Il cittadino medio del Vecchio Continente farebbe bene, secondo la neo-ecologista Ursula, a pensare solo più all’auto elettrica, anche perché dal 2035, in base ad un’altra imposizione verticistica, non saranno più vendute in Europa auto nuove a benzina e diesel. Altrimenti, il suo destino, già programmato dai piani alti, sarà quello di pagare sempre di più il carburante per la propria autovettura o mezzo da lavoro.
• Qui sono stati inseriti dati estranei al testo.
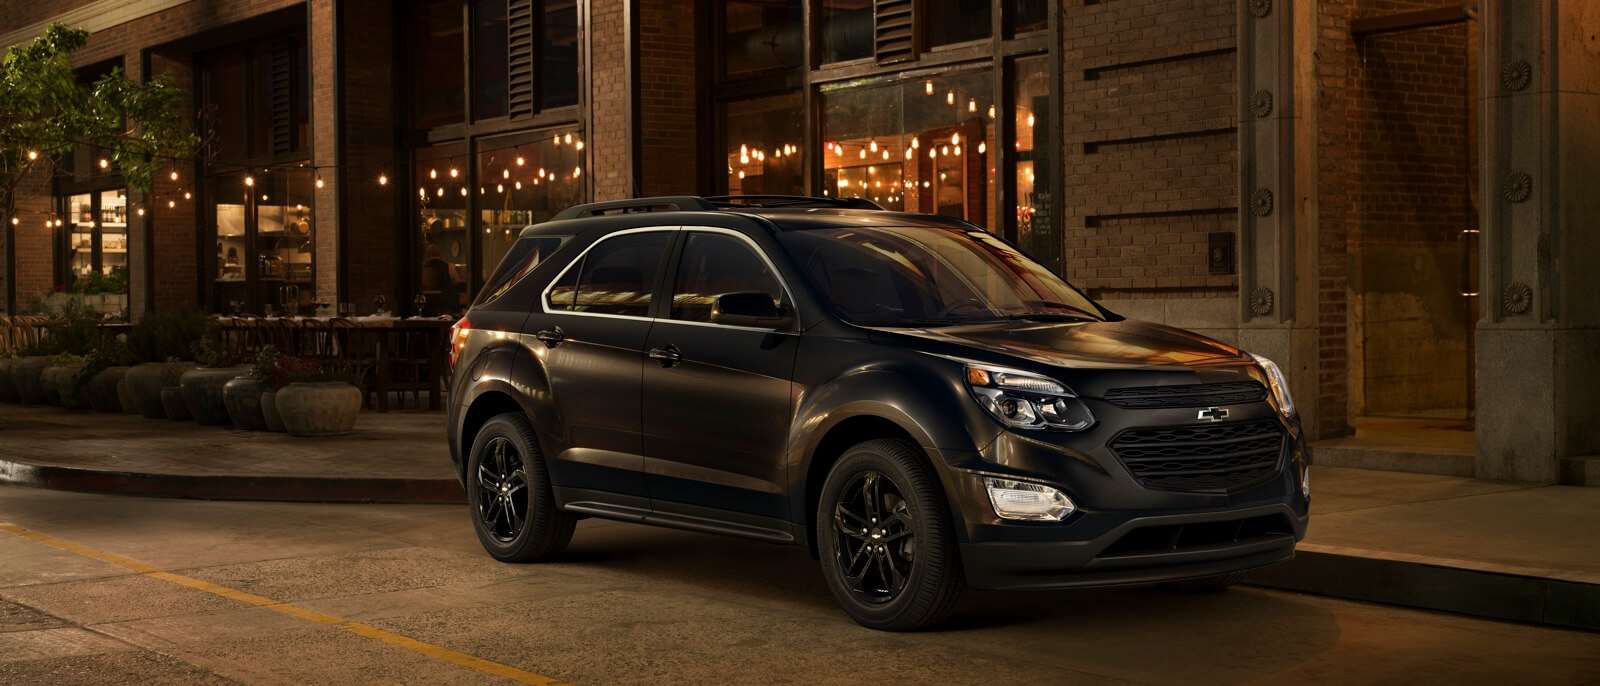 2017 Chevrolet Equinox dark exterior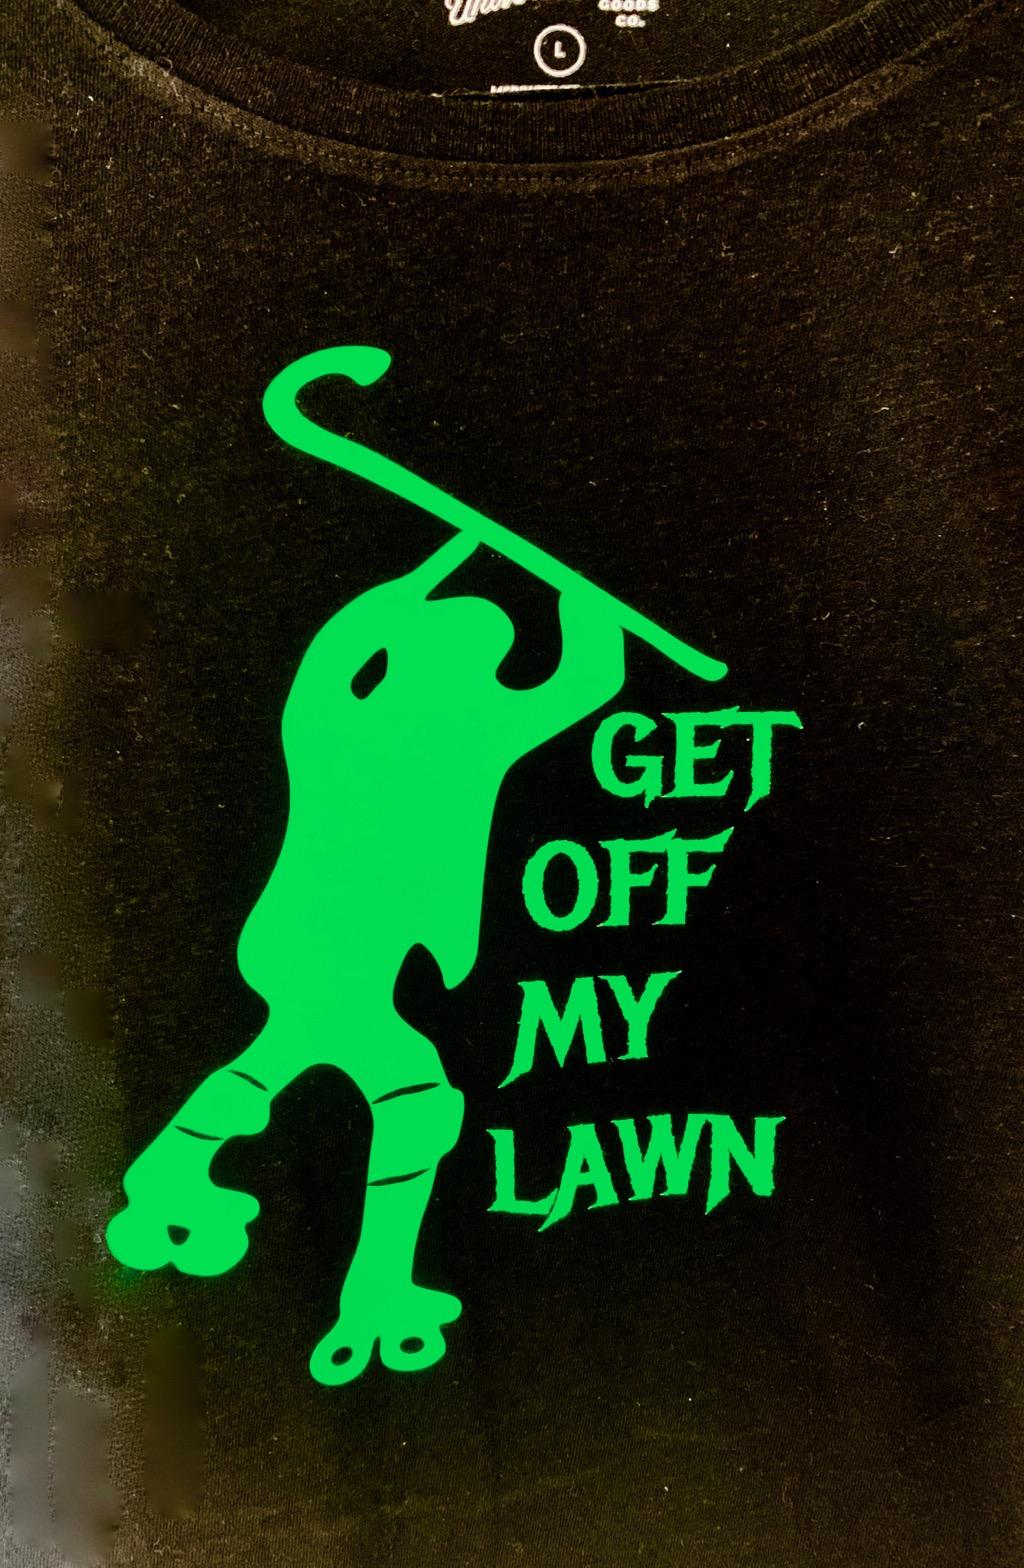 GET OFF MY LAWN -cane

Non importa se il tapino si è progressivamente impoverito nell’ultimo decennio a causa della crisi economica globale e poi del Covid, e spesso conserva per anni la stessa automobile non tanto per sfizio, bensì per mancanza di fondi sufficienti ad acquistarne una nuova.
Non frega a nessuno, a cominciare da Ursula von der Leyen, se al momento le auto elettriche più sensate e competitive, in termini di autonomia ed abitabilità interna, presenti sul mercato siano ben poco abbordabili a livello di prezzo. L’Europa non è solo Germania, Francia o Italia, ma ha anche una costola orientale dove non è sempre garantita la possibilità di ricaricare un mezzo elettrico, quindi rimane difficile per ora coprire lunghe distanze e viaggiare per l’intero Continente senza l’ausilio dei tanto detestati combustibili fossili.
Ma i burocrati Ue hanno lo sguardo talmente proiettato in avanti da non accorgersi più della realtà contingente. Non vedono la concreta possibilità di costi economici enormi, ben superiori ad eventuali benefici peraltro da dimostrare, a carico dell’industria europea, dei trasporti e della cittadinanza. Dicono che il Green Deal renderà l’Europa più competitiva nel mondo, ma i due maggiori colossi economici globali, Stati Uniti e Cina, non sembrano avere una grande fretta nel giungere all’abbandono dei combustibili fossili.
L’Unione europea, così si vanta la von der Leyen, è la prima realtà del pianeta a proporre un piano ambientalista decisamente ambizioso, ma rischia di essere anche l’ultima. Quando autorità di fatto elitarie si fanno prendere dalla smania dirigistica non possono che piovere disastri, civili, economici e sociali. Concludiamo con una domanda. Non sarebbe meglio, anziché punire chi non si allinea al nuovo verbo ecologista, lasciare al mercato il potere di rendere appetibile e conveniente l’uso di energie diverse da quelle tradizionali?